CK2β-regulated signaling controls B cell differentiation and function
- Autori: Quotti Tubi L.; Mandato E.; Canovas Nunes S.; Arjomand A.; Zaffino F.; Manni S.; Casellato A.; Macaccaro P.; Vitulo N.; Zumerle S.; Filhol O.; Boldyreff B.; Siebel C.W.; Viola A.; Valle G.; Mainoldi F.; Casola S.; Cancila V.; Gulino A.; Tripodo C.; Pizzi M.; Dei Tos A.P.; Trentin L.; Semenzato G.; Piazza F.

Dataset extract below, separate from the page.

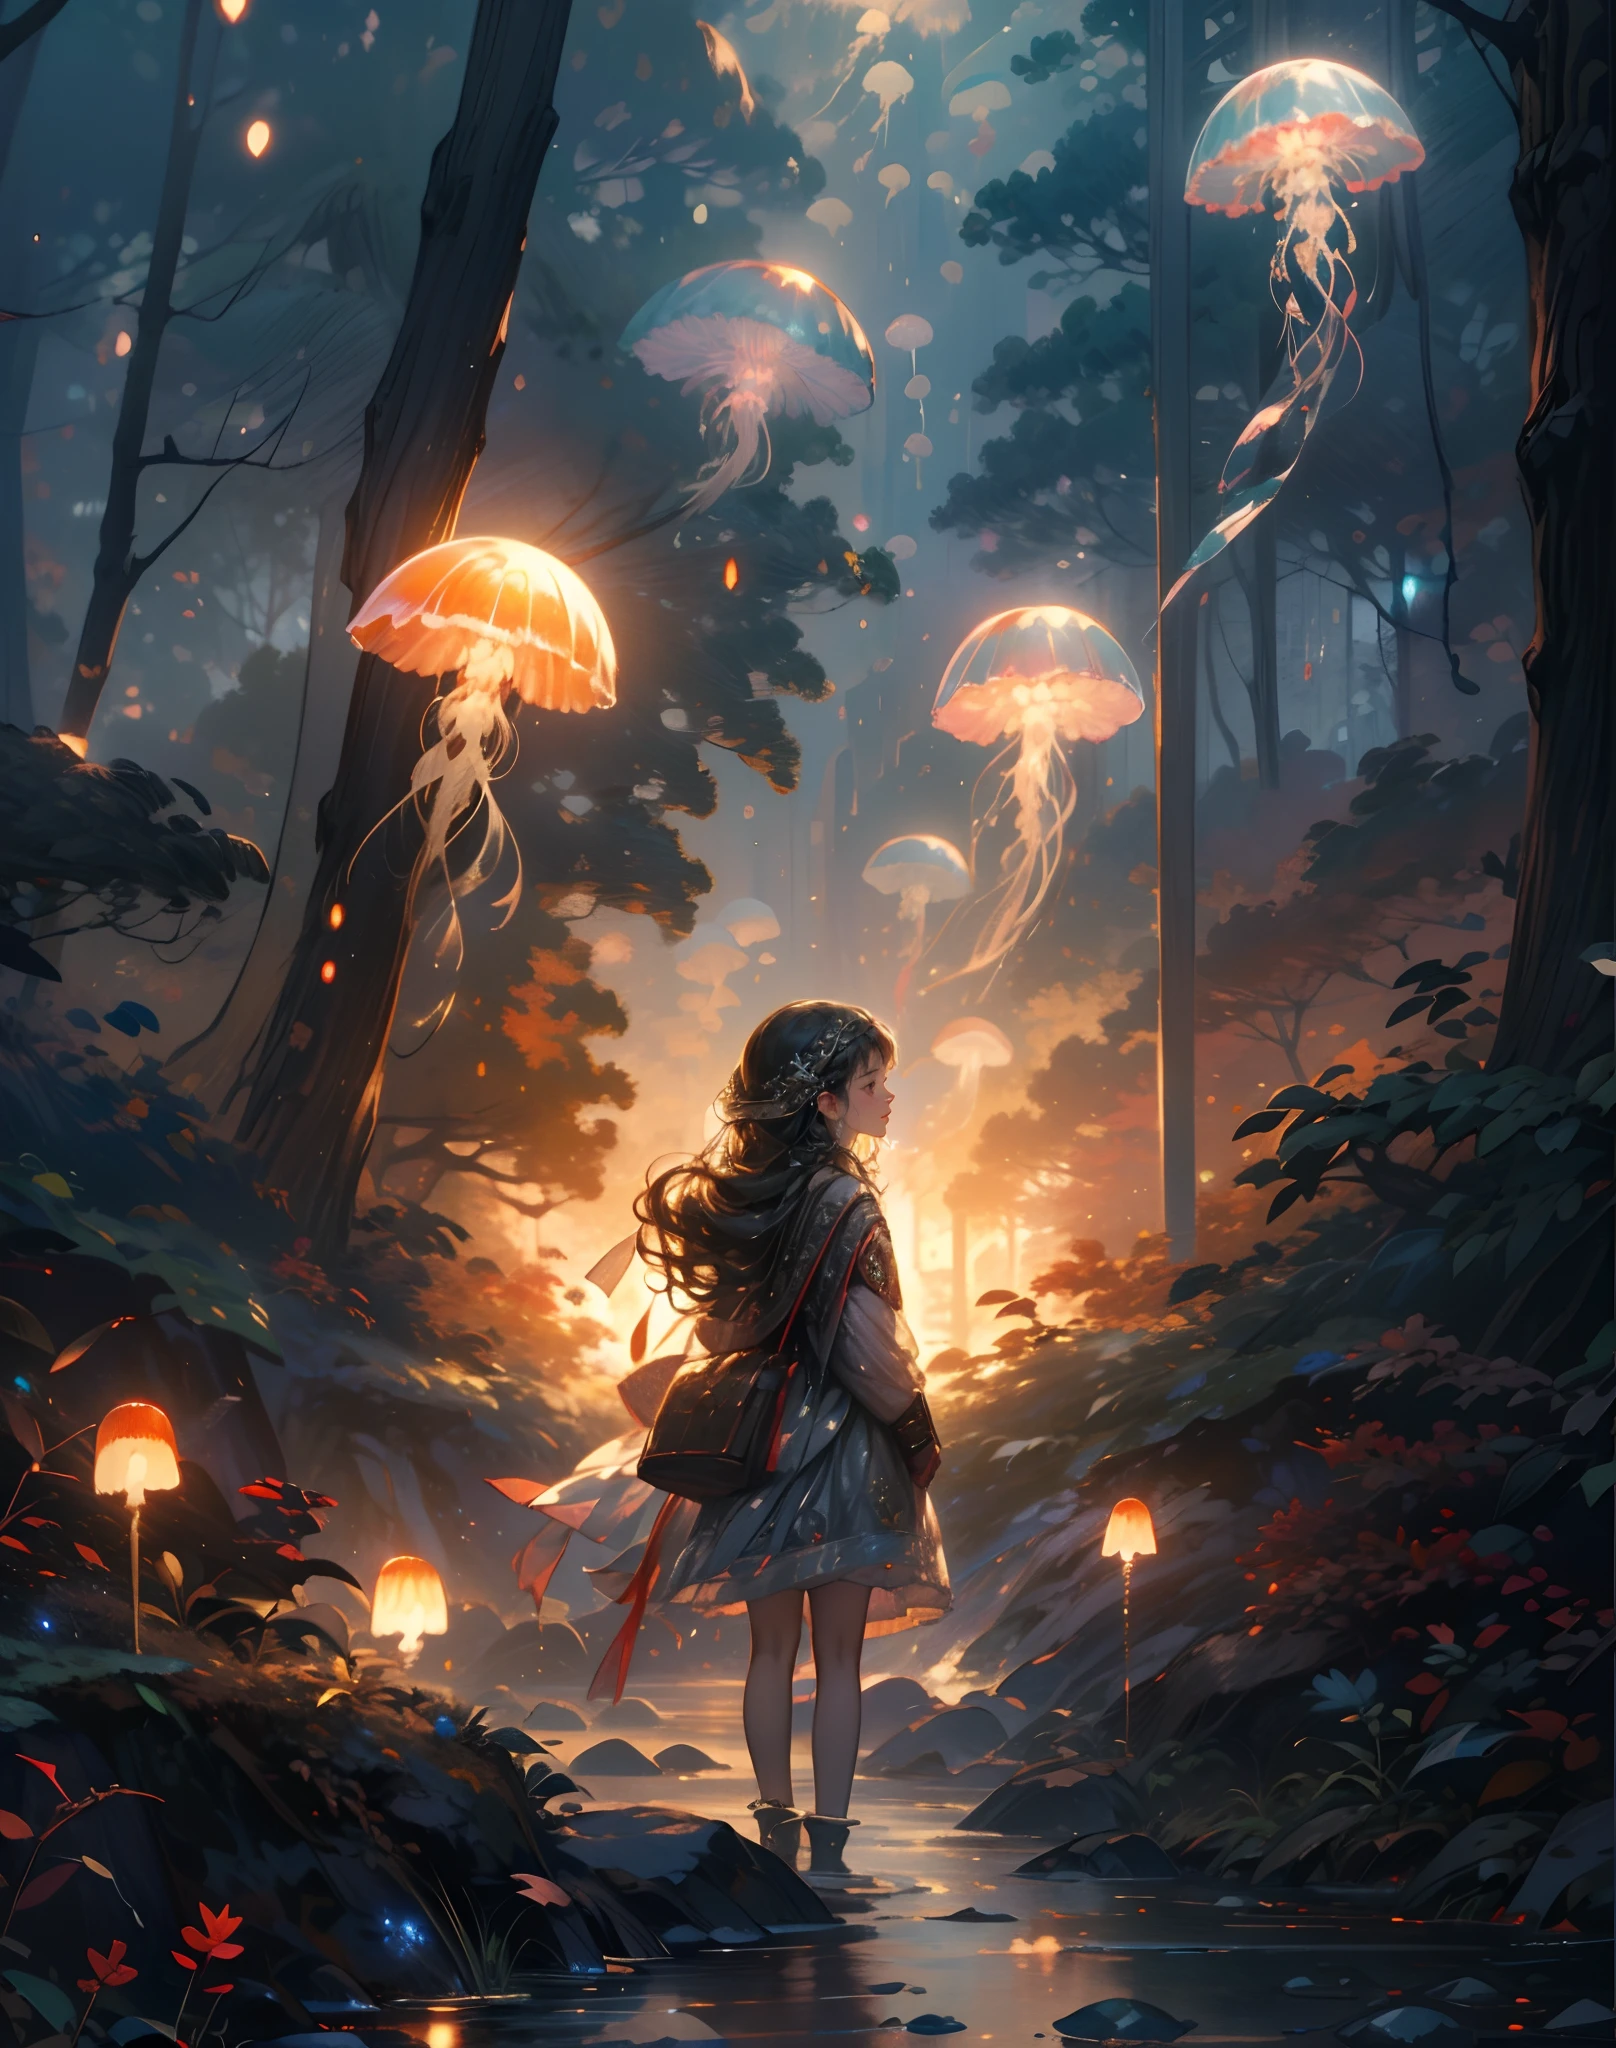 jellyfish森, 1人の女の子, キノコ, ドレス, 長い髪, 景色, white ドレス, 一人で, 自然, 水, 水遊び, 屋外, 木, 立っている, 黒髪, ファンタジー, 森

- Anno di pubblicazione: 2023
- Tipologia: Articolo in rivista
- OA Link: http://hdl.handle.net/10447/584372
Abstract
Serine-Threonine kinase CK2 supports malignant B-lymphocyte growth but its role in B-cell development and activation is largely unknown. Here, we describe the first B-cell specific knockout (KO) mouse model of the beta regulatory subunit of CK2. CK2 beta(KO) mice present an increase in marginal zone (MZ) and a reduction in follicular B cells, suggesting a role for CK2 in the regulation of the B cell receptor (BCR) and NOTCH2 signaling pathways. Biochemical analyses demonstrate an increased activation of the NOTCH2 pathway in CK2 beta(KO) animals, which sustains MZ B-cell development. Transcriptomic analyses indicate alterations in biological processes involved in immune response and B-cell activation. Upon sheep red blood cells (SRBC) immunization CK2 beta(KO) mice exhibit enlarged germinal centers (GCs) but display a limited capacity to generate class-switched GC B cells and immunoglobulins. In vitro assays highlight that B cells lacking CK2 beta have an impaired signaling downstream of BCR, Toll-like receptor, CD40, and IL-4R all crucial for B-cell activation and antigen presenting efficiency. Somatic hypermutations analysis upon 4-Hydroxy-3-nitrophenylacetyl hapten conjugated to Chicken Gamma Globulin (NP-CGG) evidences a reduced NP-specific W33L mutation frequency in CK2 beta(KO) mice suggesting the importance of the beta subunit in sustaining antibody affinity maturation. Lastly, since diffuse large B cell lymphoma (DLBCL) cells derive from GC or post-GC B cells and rely on CK2 for their survival, we sought to investigate the consequences of CK2 inhibition on B cell signaling in DLBCL cells. In line with the observations in our murine model, CK2 inactivation leads to signaling defects in pathways that are essential for malignant B-lymphocyte activation.